Answer b) would not change since a normal distribution isn’t needed for Z-scores. c) to e) could not be calculated without a normal distribution.

3.18

a)

url <- "https://raw.githubusercontent.com/jbryer/DATA606Fall2017/master/Data/Data%20from%20openintro.org/Ch%203%20Exercise%20Data/fheights.txt"
fheights <- read.table(url, header = TRUE, stringsAsFactors = FALSE) 

onesd <- 61.52 + (1*4.58)
twosd <- 61.52 + (2*4.58)
threesd <- 61.52 + (3*4.58)

sum(fheights$heighs < onesd)/length(fheights$heighs)
## [1] 0.8333333
sum(fheights$heighs < twosd)/length(fheights$heighs)
## [1] 0.9583333
sum(fheights$heighs < threesd)/length(fheights$heighs)
## [1] 1

This does follow the 68-95-99.7 rule since 83% are within 1 standard deviation, 96% are with 2, and 100% are within 3.

b)

qqnorm(fheights$heighs)

hist(fheights$heighs,probability = TRUE)
lines(50:75,dnorm(50:75,mean(fheights$heighs),sd(fheights$heighs)), col="blue")
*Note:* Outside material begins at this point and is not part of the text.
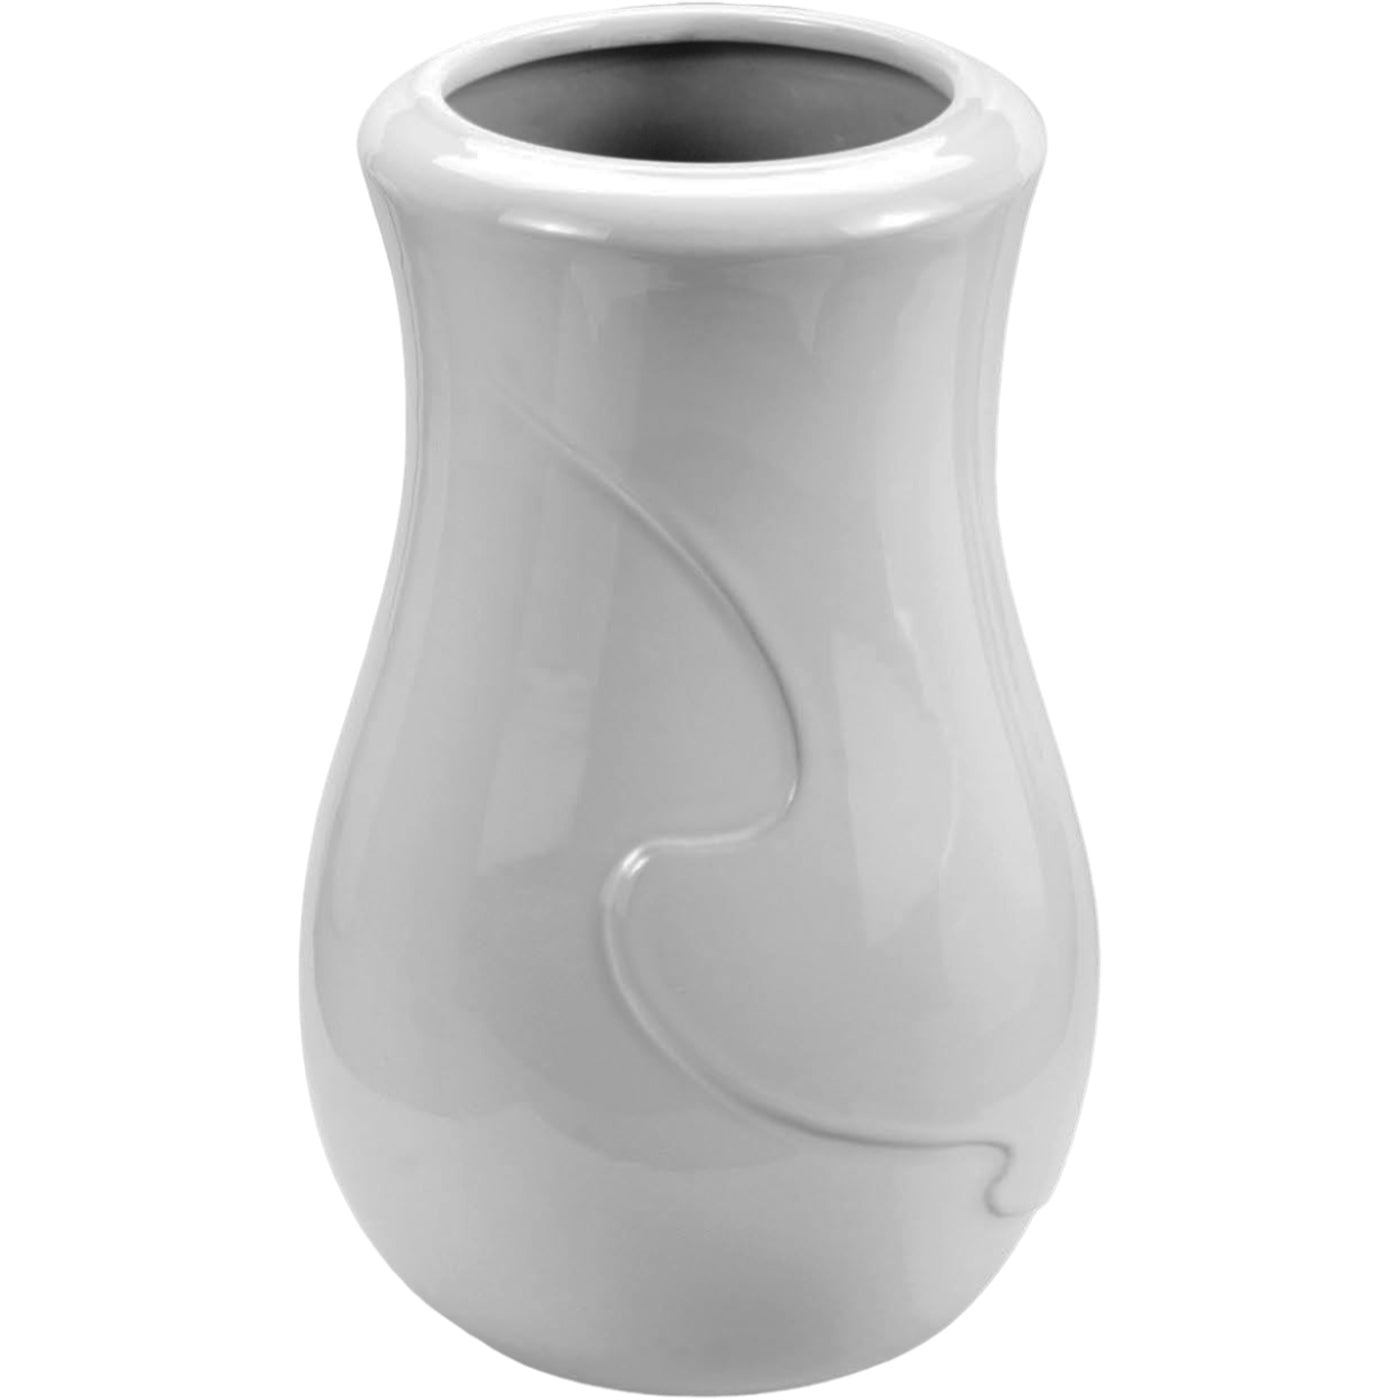 Grave vase Anna 21x13cm - 8.3x5.1in In white porcelain, ground attached ANN134T

qqnormsim(fheights$heighs)

The data appears to follow a normal distribution. The outputs are symetrical and match the randomly generated simulation.

3.22

a)

((1-.02)^9) * (.02)
## [1] 0.01667496

b)

(1-.02)^100
## [1] 0.1326196

c)

Ex <- 1/.02
Ex
## [1] 50
sd <- sqrt((1-0.02)/0.02^2)
sd
## [1] 49.49747

d)

Ex_new <- 1/.05  
Ex_new
## [1] 20
sd_new <- sqrt((1-0.05)/0.05^2)
sd_new
## [1] 19.49359

e)

Increasing the probability decreases te mean and standard deviation of waiting before failure.

3.38

a)

dbinom(x=2,size=3,prob=.51)
## [1] 0.382347

b)

B <- .51 #probability of boy
G <- 1-B #probability of girl

#Different ways 3 kids can be born
P_kid1 <- B*B*G  
P_kid2 <- B*G*B 
P_kid3 <- G*B*B 

#Total Probabilty
Total_kid <- P_kid1+P_kid2+P_kid3
Total_kid
## [1] 0.382347

The answers for a and b match.

c)

Using part b whould be more tedious since there would be many more combinations in the order that the kids could be born, making the formula longer.

3.42

a)

p <- 0.15 #probability of successful server
n <- 10 #number of attempts
k <- 3 #number of successes
factorial(n - 1) / (factorial(k-1) * (factorial(n - k))) * p^k * (1-p)^(n-k)
## [1] 0.03895012

The probability is 3.9%

b)

Since the events are independent the probabilty is 15%.

c)

Part b is looking at the probabilty of a single event with each event being independent. While part a is looking at a combination of events.